EXERCISE OBJECTIVE
Leave every picture out. Set down all the lines below exactly.

GIVEN DATA
■ ■ ■ ■
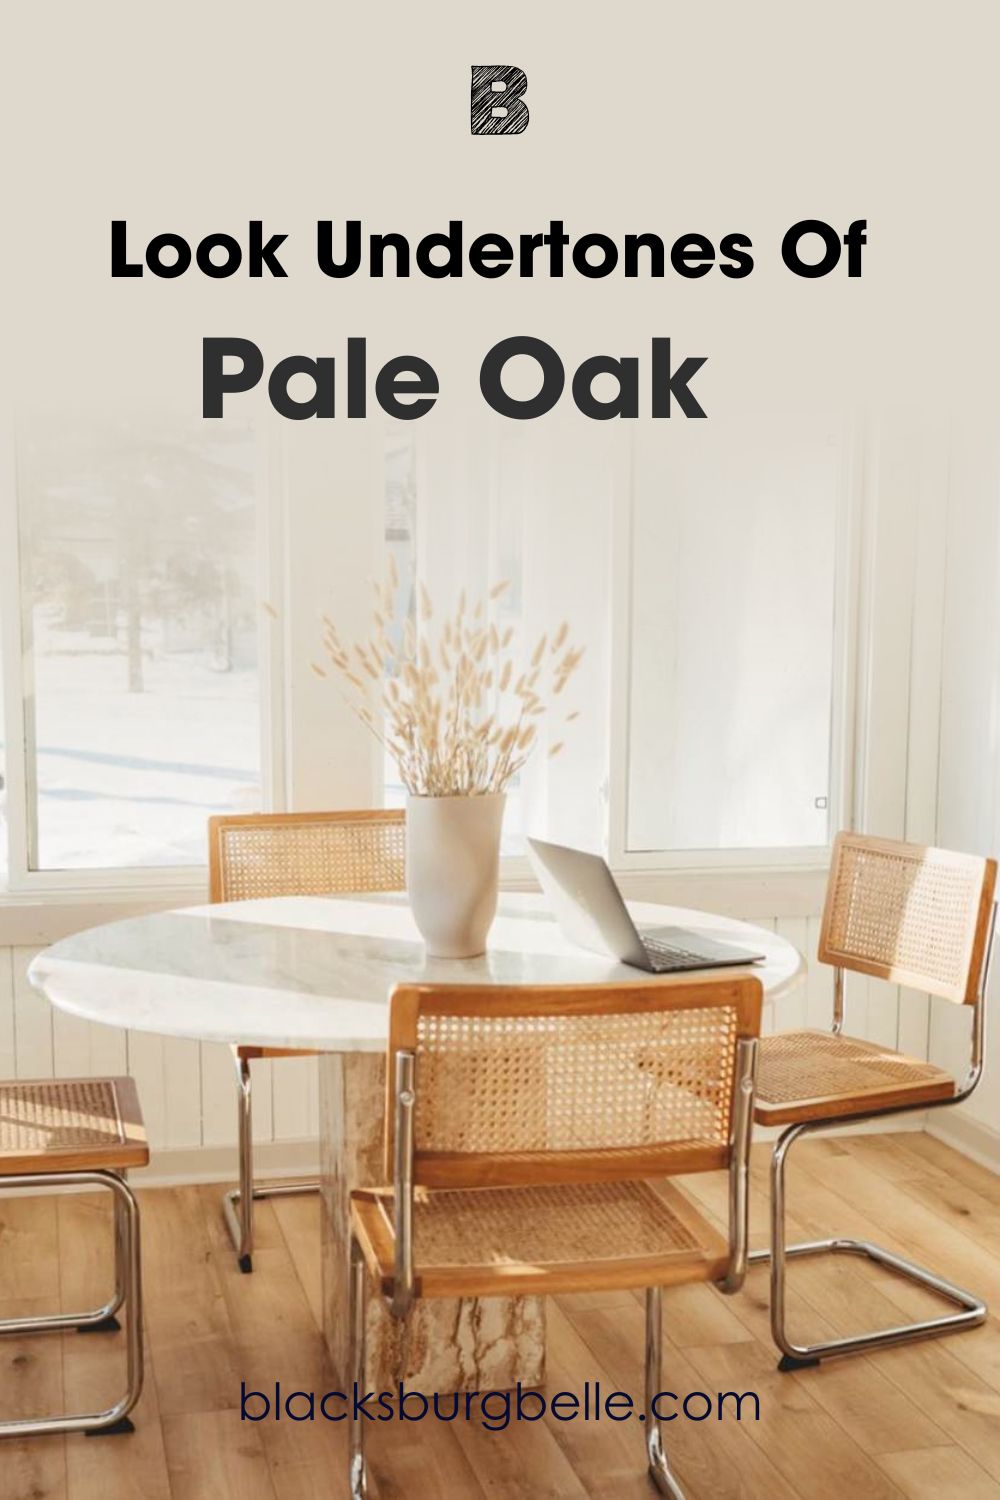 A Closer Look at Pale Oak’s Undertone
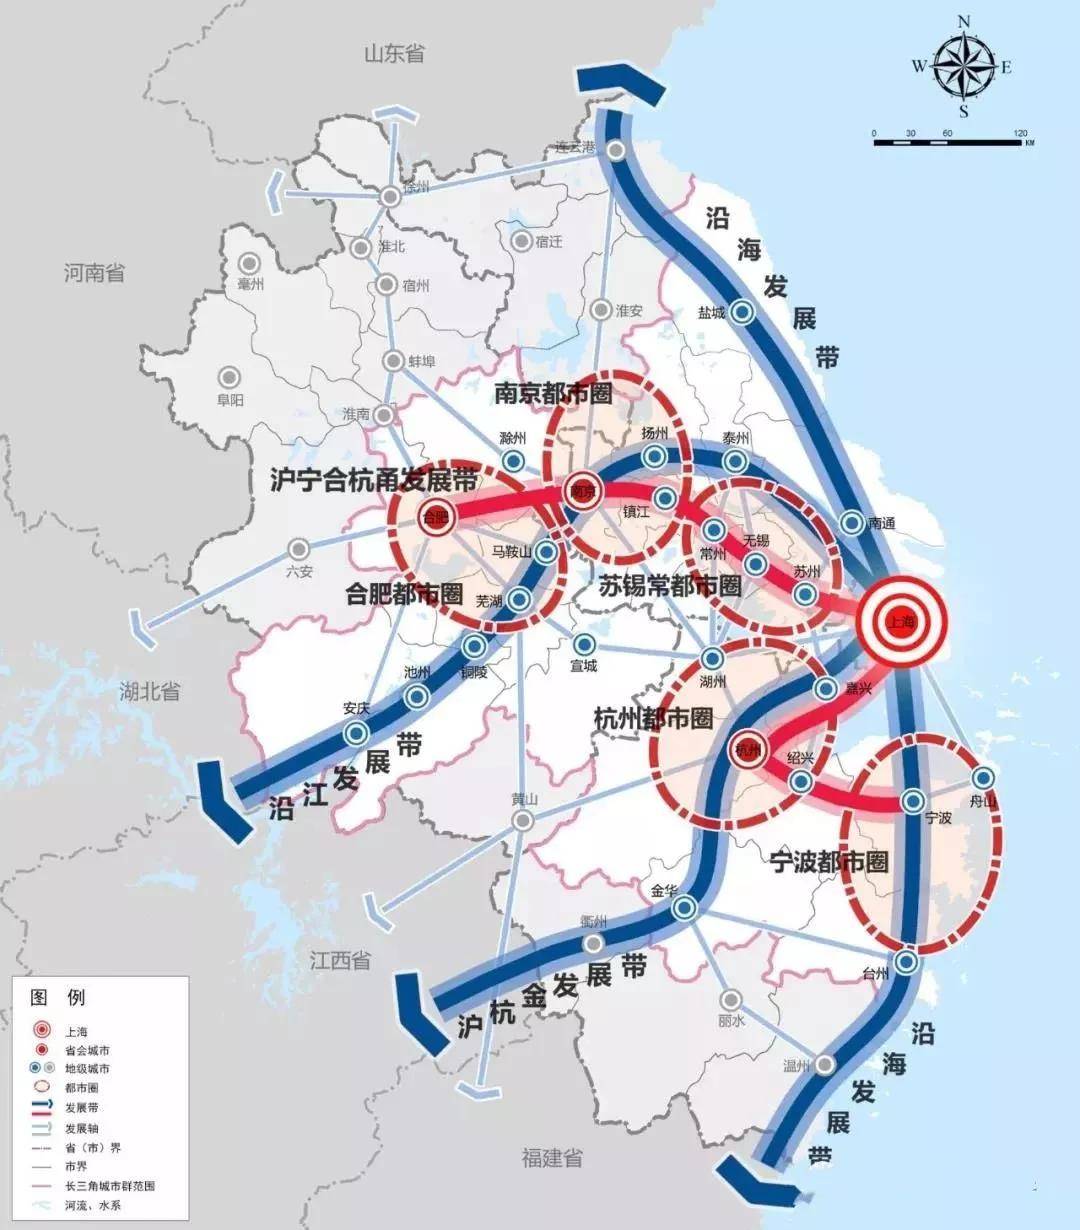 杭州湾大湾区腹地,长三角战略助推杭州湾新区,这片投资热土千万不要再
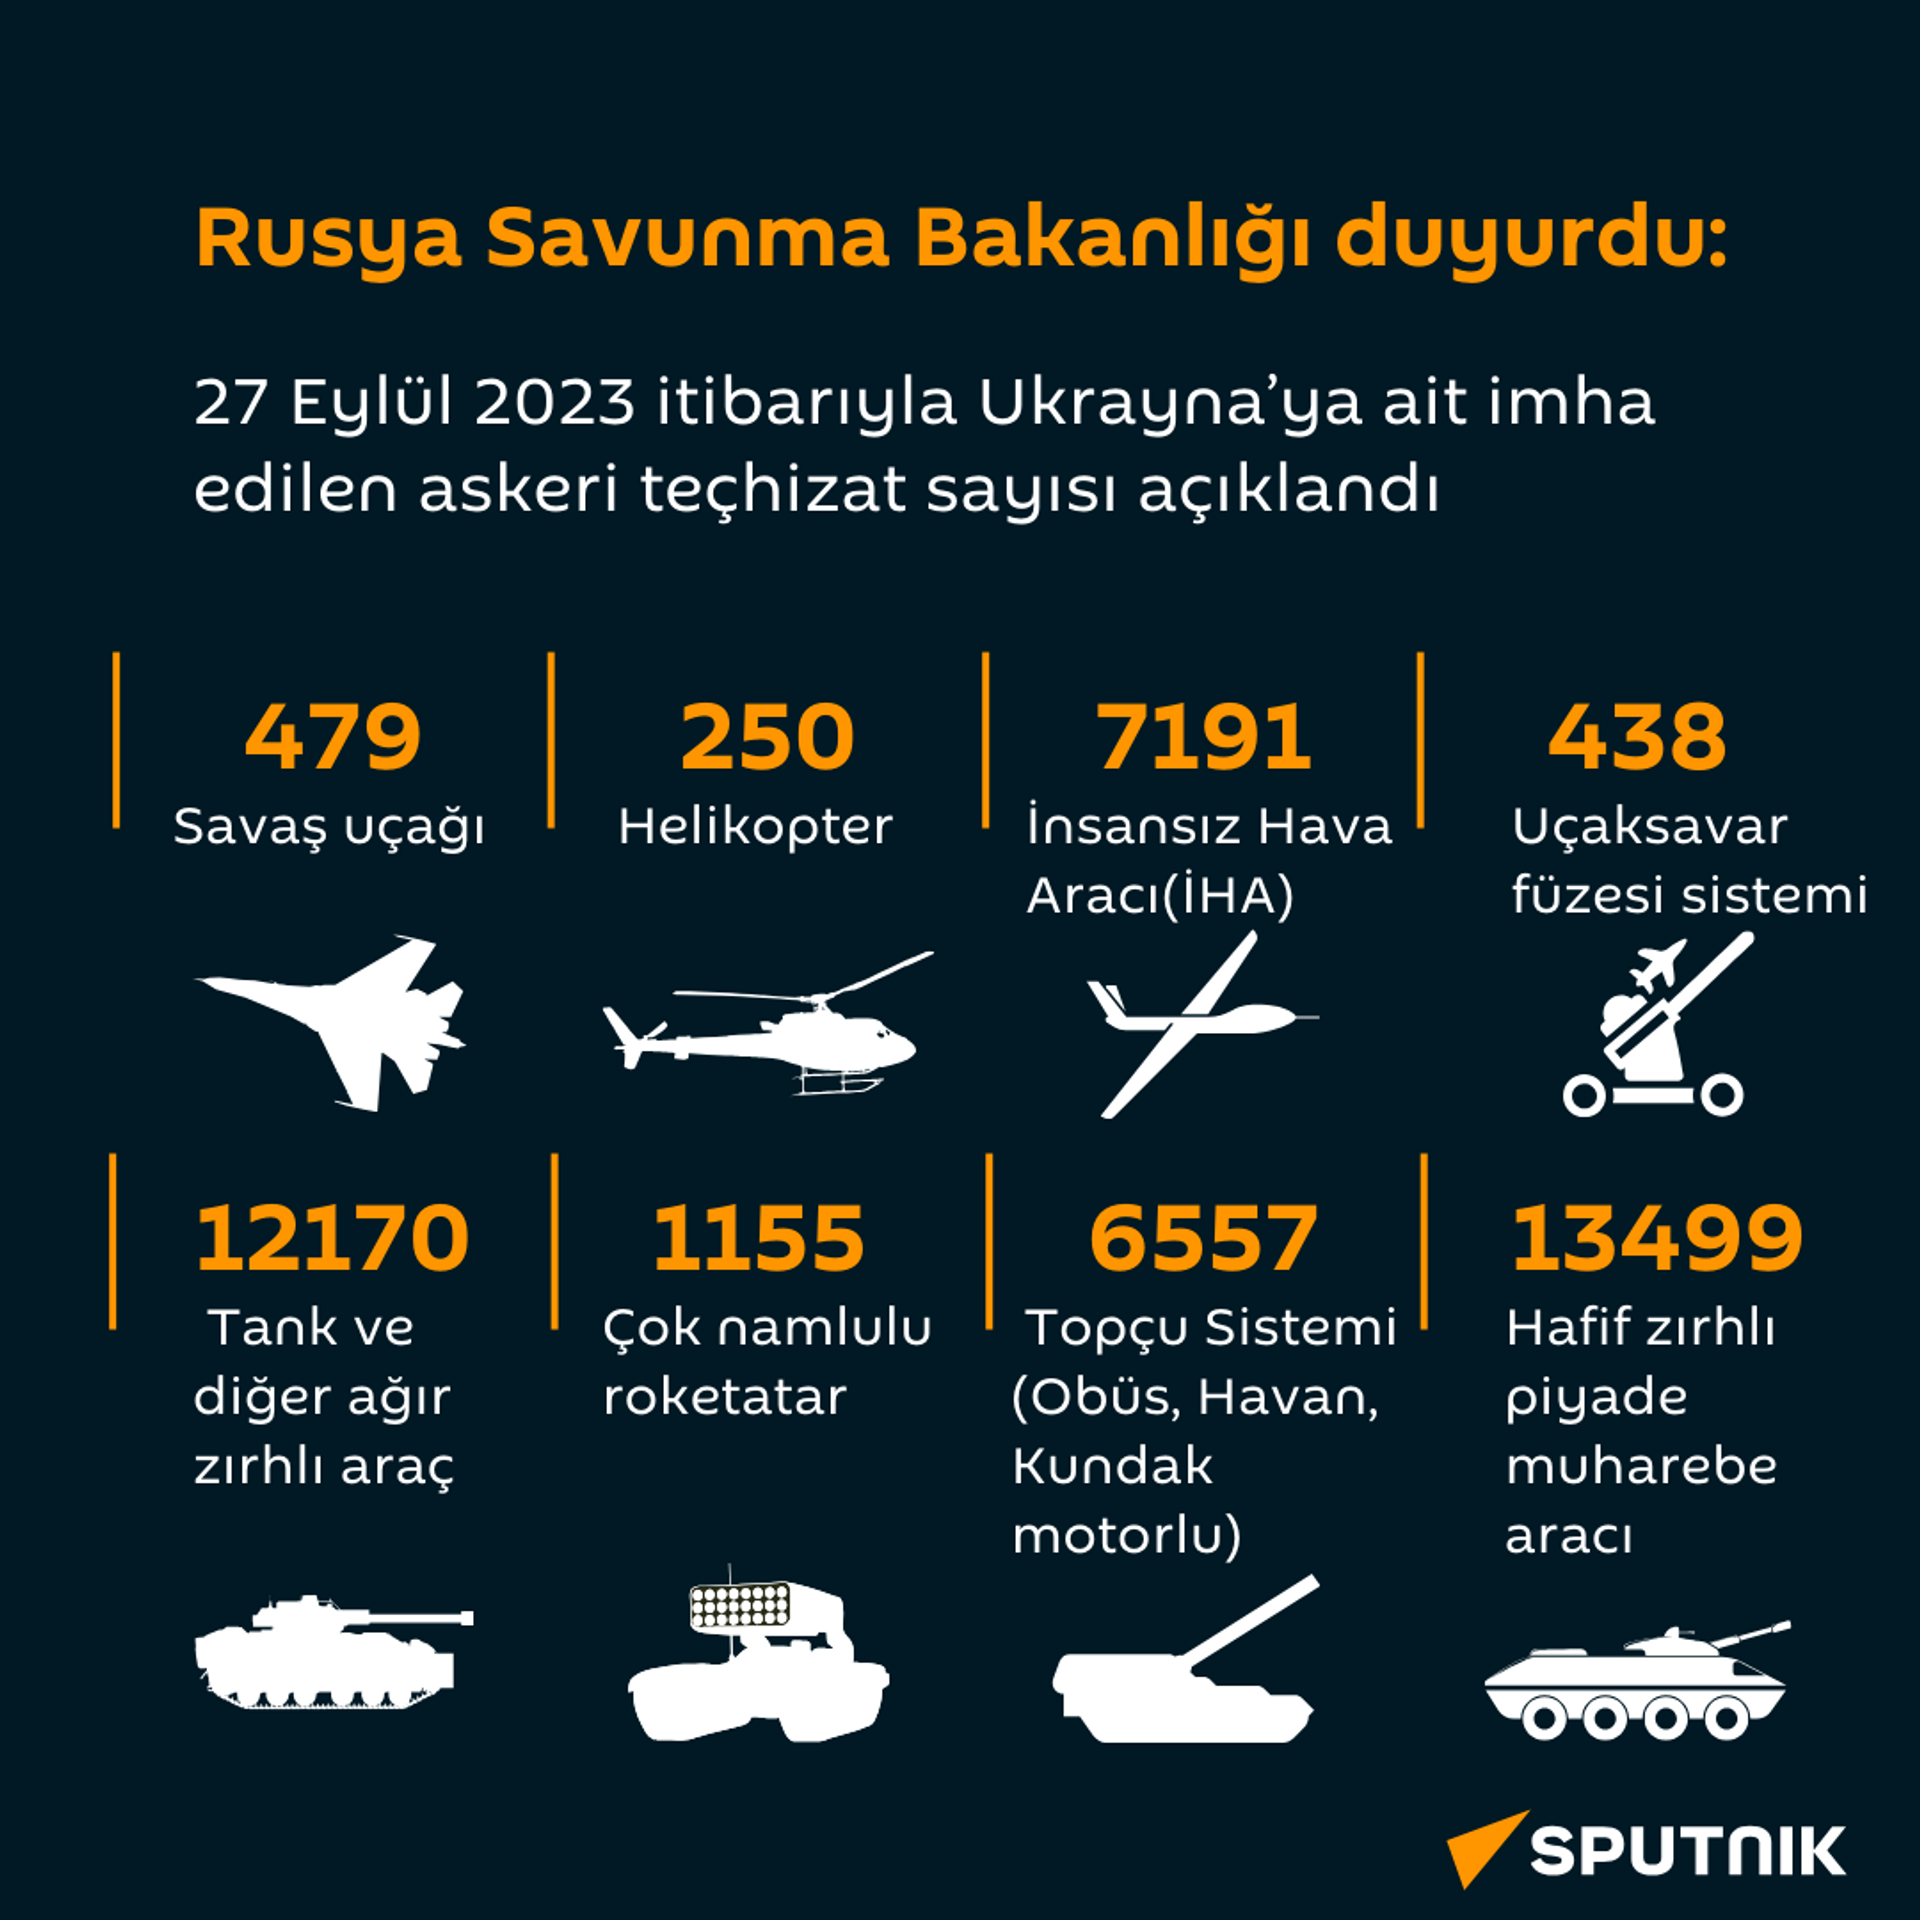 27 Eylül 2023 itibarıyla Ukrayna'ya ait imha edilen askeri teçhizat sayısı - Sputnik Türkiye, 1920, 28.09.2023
■ ■ ■ ■
WRITTEN RESPONSE
 A Closer Look at Pale Oak’s Undertone
 杭州湾大湾区腹地,长三角战略助推杭州湾新区,这片投资热土千万不要再
 27 Eylül 2023 itibarıyla Ukrayna'ya ait imha edilen askeri teçhizat sayısı - Sputnik Türkiye, 1920, 28.09.2023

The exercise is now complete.